Появление на базе сотрудника ФСБ оказалось очень кстати. Несколько дней Реутов присматривался к нему, прикидывая, стоит ли доверяться этому человеку. Решил – да, стоит.
Капитан Бондарь был близок ему по духу. В натурах обоих присутствовало нечто такое, что объединяло этих абсолютно непохожих друг на друга, разных по возрасту мужчин. Заглянуть в глаза Бондарю было все равно что увидеть тайный опознавательный знак. В глубине его зрачков крылась холодная отрешенность самурая, какие бы чувства ни отражались на поверхности.
Подобное выражение глаз Реутов видел не часто, поскольку мужчин этой редчайшей породы оставалось на земле все меньше и меньше. Имея счастье или несчастье столкнуться с ними, окружающие не догадывались о том, что имеют дело с пережитками эпохи, готовыми рисковать не ради денег и славы и даже не ради утоления адреналинового голода, а во имя каких-то странных понятий о чести, долге, мужестве.
Тайный орден, к которому принадлежали мужчины вроде Реутова с Бондарем, названия не имел. Привилегий у его членов не было тоже. Что они получали за верность устаревшим идеалам? Ровным счетом ничего, кроме ощущения бесконечного одиночества и готовности умереть в любой момент. Ничего такого, что можно было бы пощупать, положить в бумажник или на полку. Но что-то все же было. Что-то не выразимое словами.
Именно поэтому теперь они целились друг в друга из пистолетов и не выражали желания уступить, хотя каждое новое мгновение заставляло обоих напрягаться все сильнее и сильнее. Внутри каждого дрожала туго свернутая пружина, готовая распрямиться. Но пальцы, обхватывающие спусковые крючки, сохраняли абсолютную неподвижность, словно были отлиты из стали.
Металлическим был и голос заговорившего Реутова, лоб которого избороздили резко обозначившиеся морщины.
– Дешевка? – спросил он. – Провокация? Выслушивать такое чертовски оскорбительно, но, как профессионал, я тебя понимаю, капитан. Понимаю и прощаю.
– Я не нуждаюсь в прощении, – отрезал Бондарь.

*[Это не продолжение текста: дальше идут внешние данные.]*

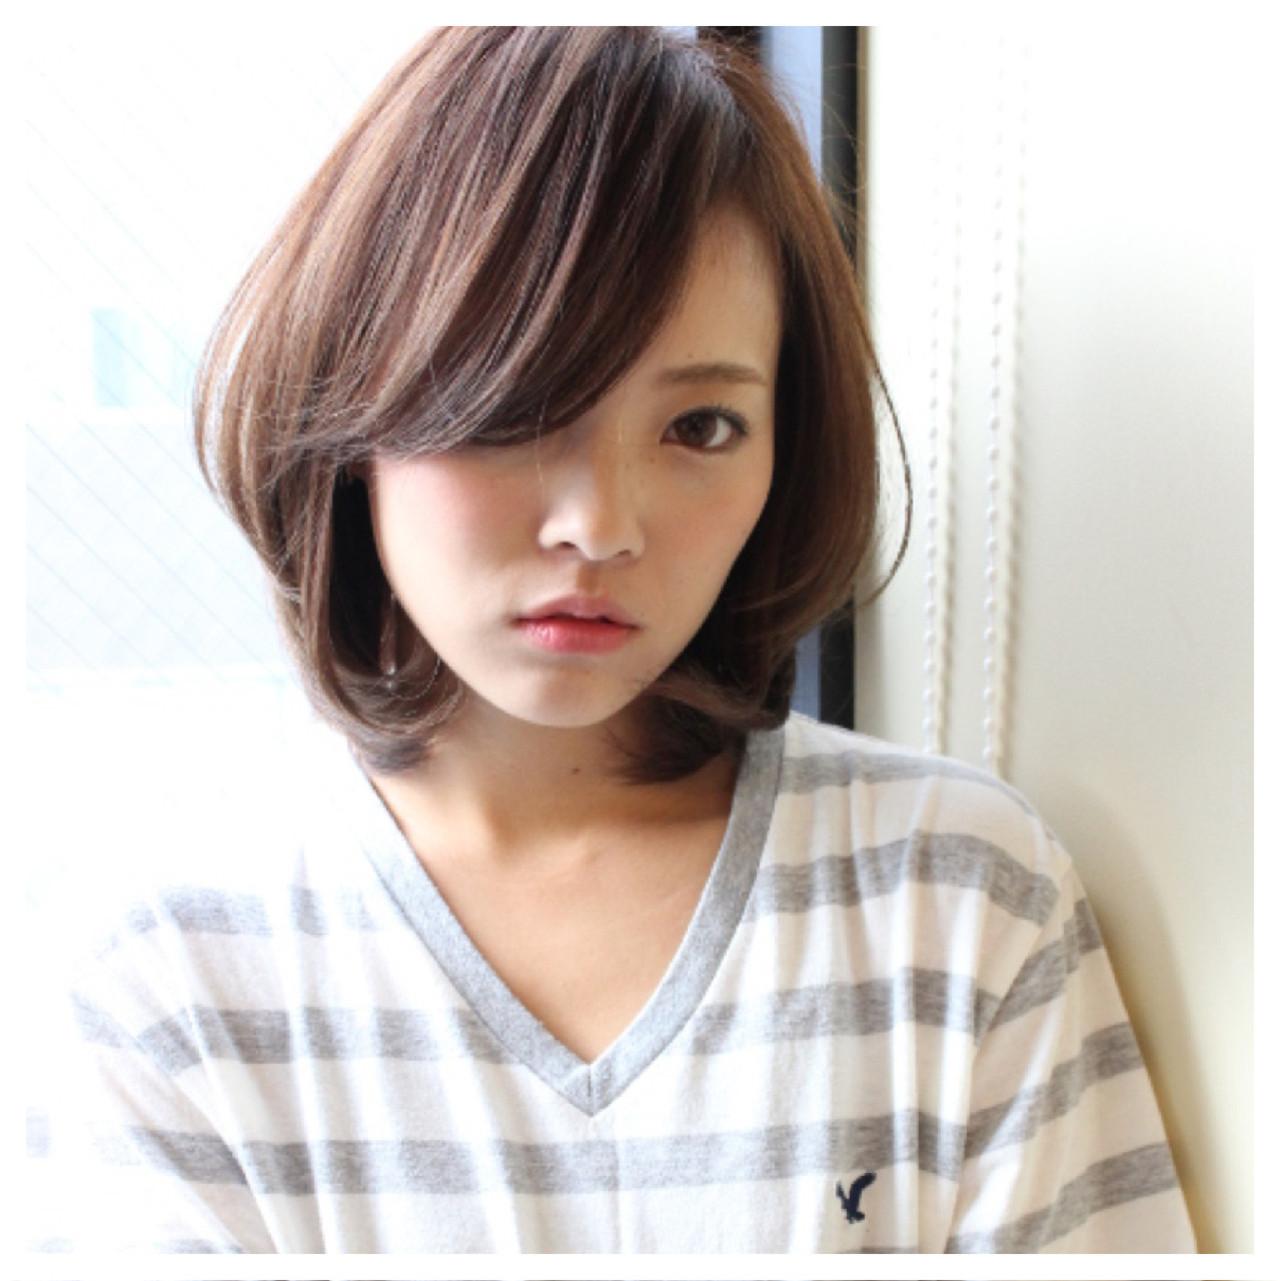 前髪あり ミディアム 抜け感 ナチュラル ヘアスタイルや髪型の写真・画像 | Masanori Yamasaki / Reuna(レウナ)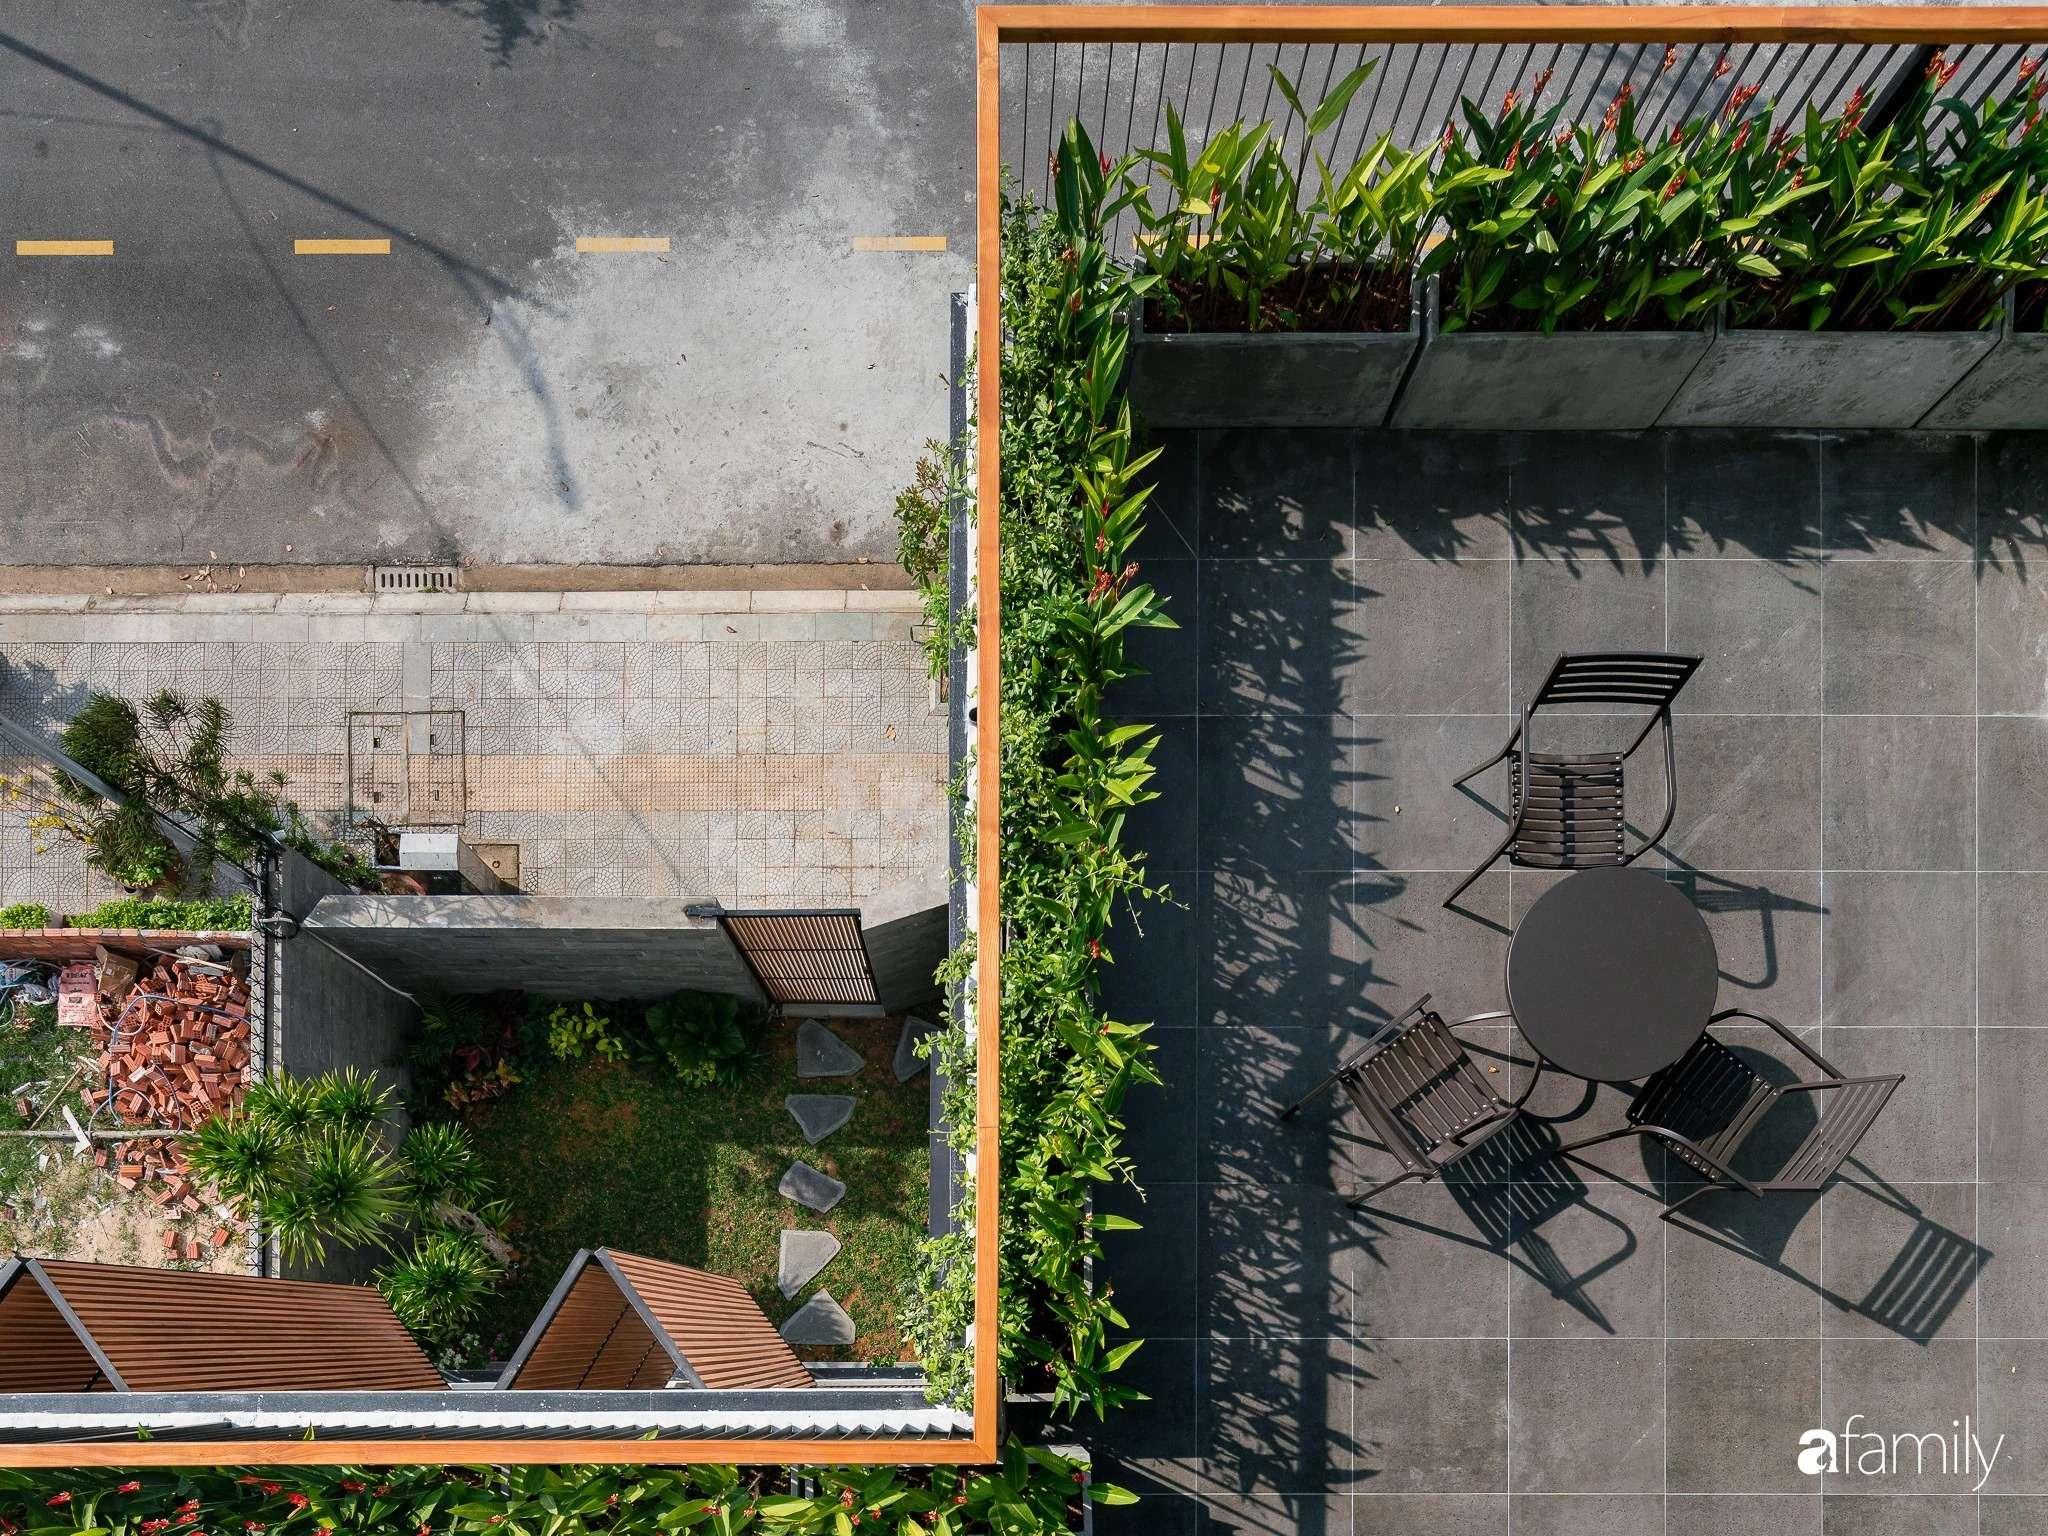 Không gian sân thượng nhìn xuống khoảng sân vườn xanh tươi cây cỏ phía dưới.

– Погоди, – произнес Реутов. – Ты свое слово сказал. Теперь послушай меня. – Подавшись вперед, он перешел на угрожающее ворчание, напоминающее то, которое издает старый сторожевой пес перед схваткой с молодым противником. – Не смей называть меня бывшим полковником. Я в запасе, но бывшим никогда не стану. И в господа меня не записывай, капитан. – Желваки Реутова запрыгали под дубленой кожей, туго обтягивающей скулы. – Есть такое старомодное понятие – чувство собственного достоинства. Оно, конечно, не в моде, поскольку нынче хорошо живется лишь тем, кто собственной одноразовой честью подтерся и думать про нее забыл. Но я, капитан, такими вещами бросаться не спешу. Честь, тем более офицерскую, ни за какие баксы не купишь, это тебе не портки от Версаче, не сморкальник от Живанши.
– Честь, – повторил Бондарь. – Звучит красиво. Если не задумываться о том, кто и при каких обстоятельствах толкует на эту тему.
Он по-прежнему не принял решения. Можно ли доверять сидящему напротив человеку? Настоящий спецназовец никогда не променяет службу отечеству на синекуру в охранном агентстве или карьеру вооруженного денщика миллиардерши. Так уж учили их всех родину любить – и мытьем, и катаньем. Кто не выучился, тот давно к иным хозяевам перебежал, с виду благополучным, гниловатым внутри. Реутов, подобно Бондарю, вроде бы тяготился своей принадлежностью к лакейской породе телохранителей. Правильный мужик. Прочный. Смотрит в глаза смерти, не суетясь, не моргая. Еще бы! Полковник спецназа – это вам не штабной герой, для которого в генеральский писсуар без спросу помочиться – уже подвиг из подвигов, о котором будет неоднократно поведано детям и внукам. Наверняка проще перечислить «горячие точки», в которых Реутов воевал, чем те, где ему побывать не довелось. Но значит ли все это, что на него можно положиться?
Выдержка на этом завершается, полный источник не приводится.